On my packages I was convinced of the correctness of the work of the developed software, and on the neighbors already tried the technology in real conditions.

In the above sources, I made a periodic output of debug information about the current speed, the number of scanned keys and the expected time to check the keys of the current length.

At my disposal was a small supercomputer with 128 cores in total. There was, of course, SSE in it, although for the purity of the experiment I turned it off - and received a speed 4 times less.

The dynamics of the work itself is also quite expected - it takes a few seconds to disperse and collect statistics, after which the engine shows a stable brute force. Depending on the number of cores, an approximately linear increase in speed is achieved (which is obvious), however, a simple controller core and careless synchronization of threads make themselves felt - the growth constant turned out to be in the region of 0.8–0.9.

But the most interesting thing awaited me when I started the engine on the neighbor's key - not having managed to overclock all the cores, the password was already found ... it was the date of birth of someone from the neighbor's family. On the one hand, I was disappointed, on the other - I still solved the initial problem.
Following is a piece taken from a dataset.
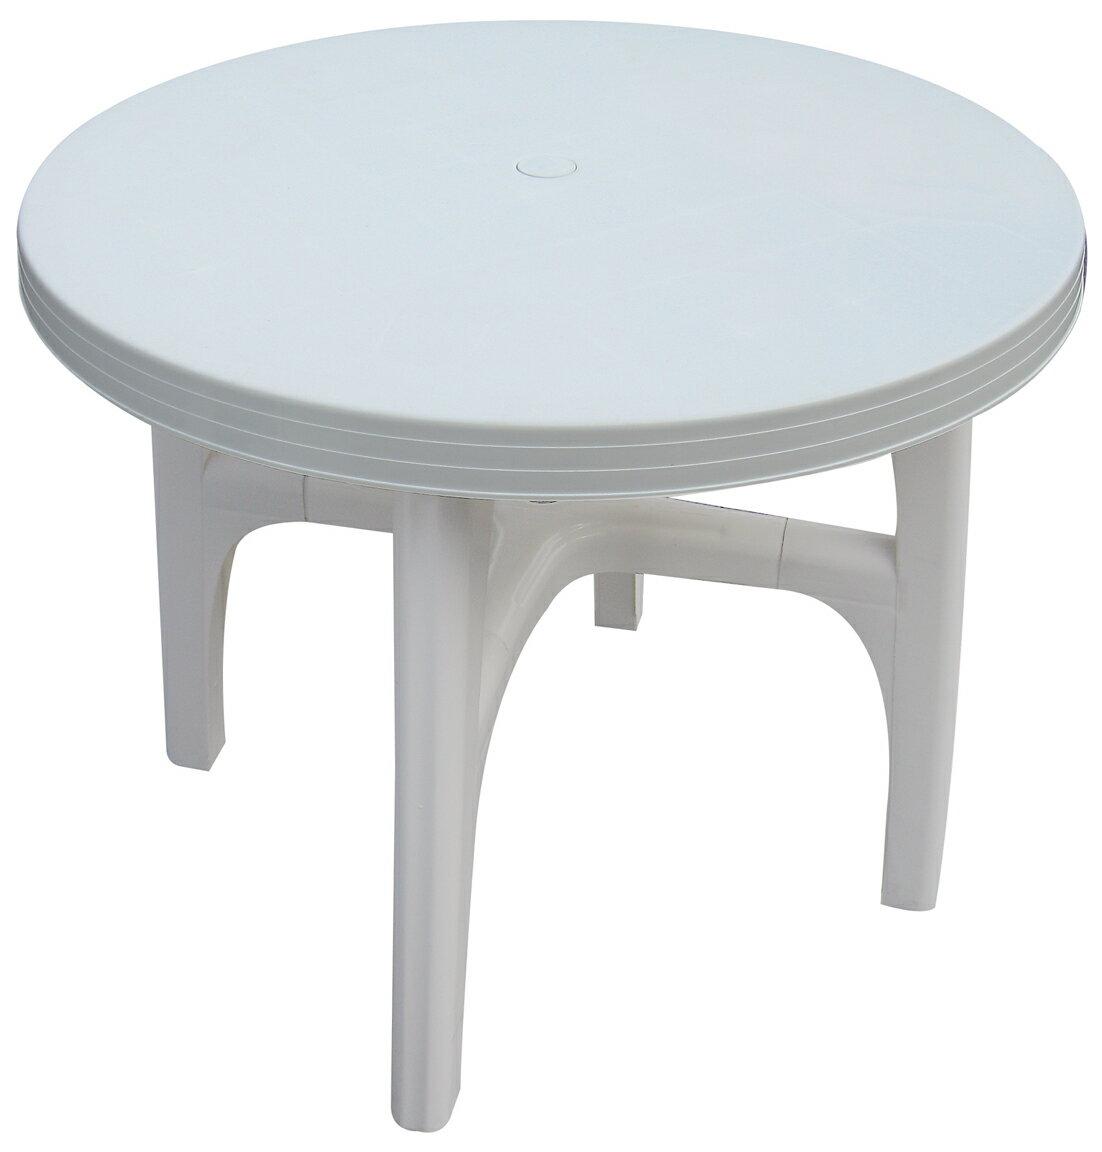 富士見産業『プラガーデン テーブル』

I don’t see the absolute values ​​of the speeds, because You can try it on your available machines - all the sources are at the end of the article. And knowing the coefficient of parallelism and the characteristics of the machine, you can quite accurately calculate what speed can be achieved.

Sources

The sources for the described implementation can be found in my github repository. The code was fully working, going under Linux and Mac OS. But ... more than 2 years have passed, I do not know how much the API of the same Open MPI has changed.

In the test / folder you can find an example of a handshake package compiled under the format used.
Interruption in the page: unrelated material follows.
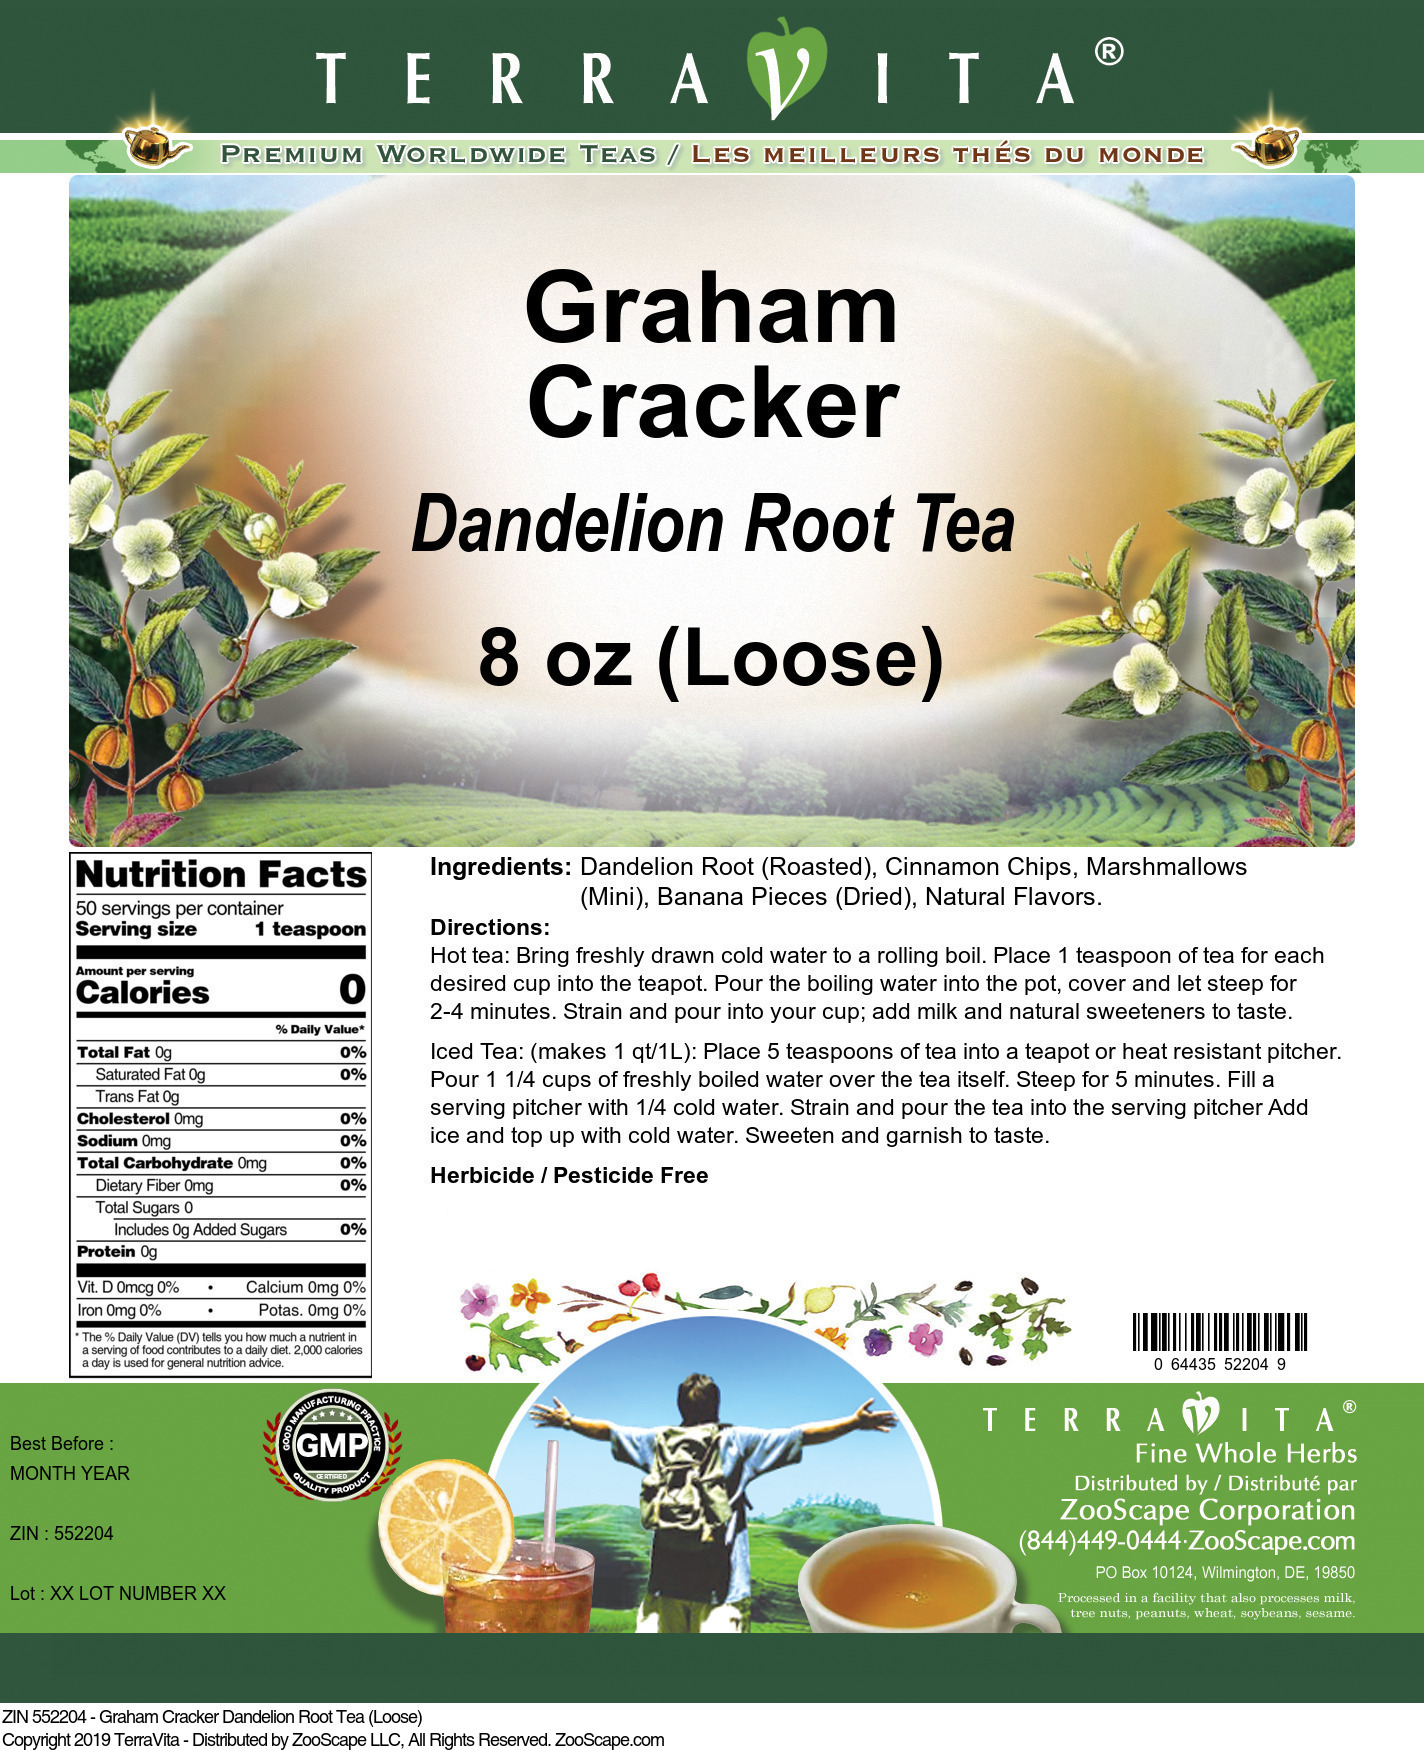 Graham Cracker Dandelion Root Tea (Loose)

The code itself is rather dirty, but due to the lack of practical value of the problem being solved, there was no sense in combing it either. The project also does not develop due to the senselessness, but if someone liked the idea, or he saw why it can be used ... then take it and use it.

The start-up line indicates the handshake file and, optionally, the start key, if you want to start with a non-zero element.
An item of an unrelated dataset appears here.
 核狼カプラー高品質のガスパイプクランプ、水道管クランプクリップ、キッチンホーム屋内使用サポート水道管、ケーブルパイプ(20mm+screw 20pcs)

brute_wpa2 k aaa123aaab ap_Dom.hshk

Parameter parsing itself is in src / brute_wpa2.cpp, from it you can also understand how to set the first key identifier by a number, as well as set the chunk size.

Conclusion

This article gives a small excursion into parallel programming on the example of the simplest practical problem and its fairly simple solution. I accomplished the task I have set - not only having mastered the modern technologies of parallel programming, I got the skills to accomplish the combat task in my thesis, but also picked up the password from the neighboring WiFi. True, I used them only once - to check the correctness, but it was still nice.

But returning to the practical usefulness of the work done, in connection with the latest events, I would like to note the rush around the bitcoins. Considering that the basis of WPA2 hacking is the calculation of SHA hashes, as in the mining of bitcoins, a new direction is opened for the development of this work. Since mining equipment has been developed that can only count the necessary hashes, it is interesting to check how adaptable it is and how it is applicable for WPA2 hacking. Of course, such chips are much more efficient than the latest general-purpose processors in the selection of hashes, so perhaps interesting results can be achieved here.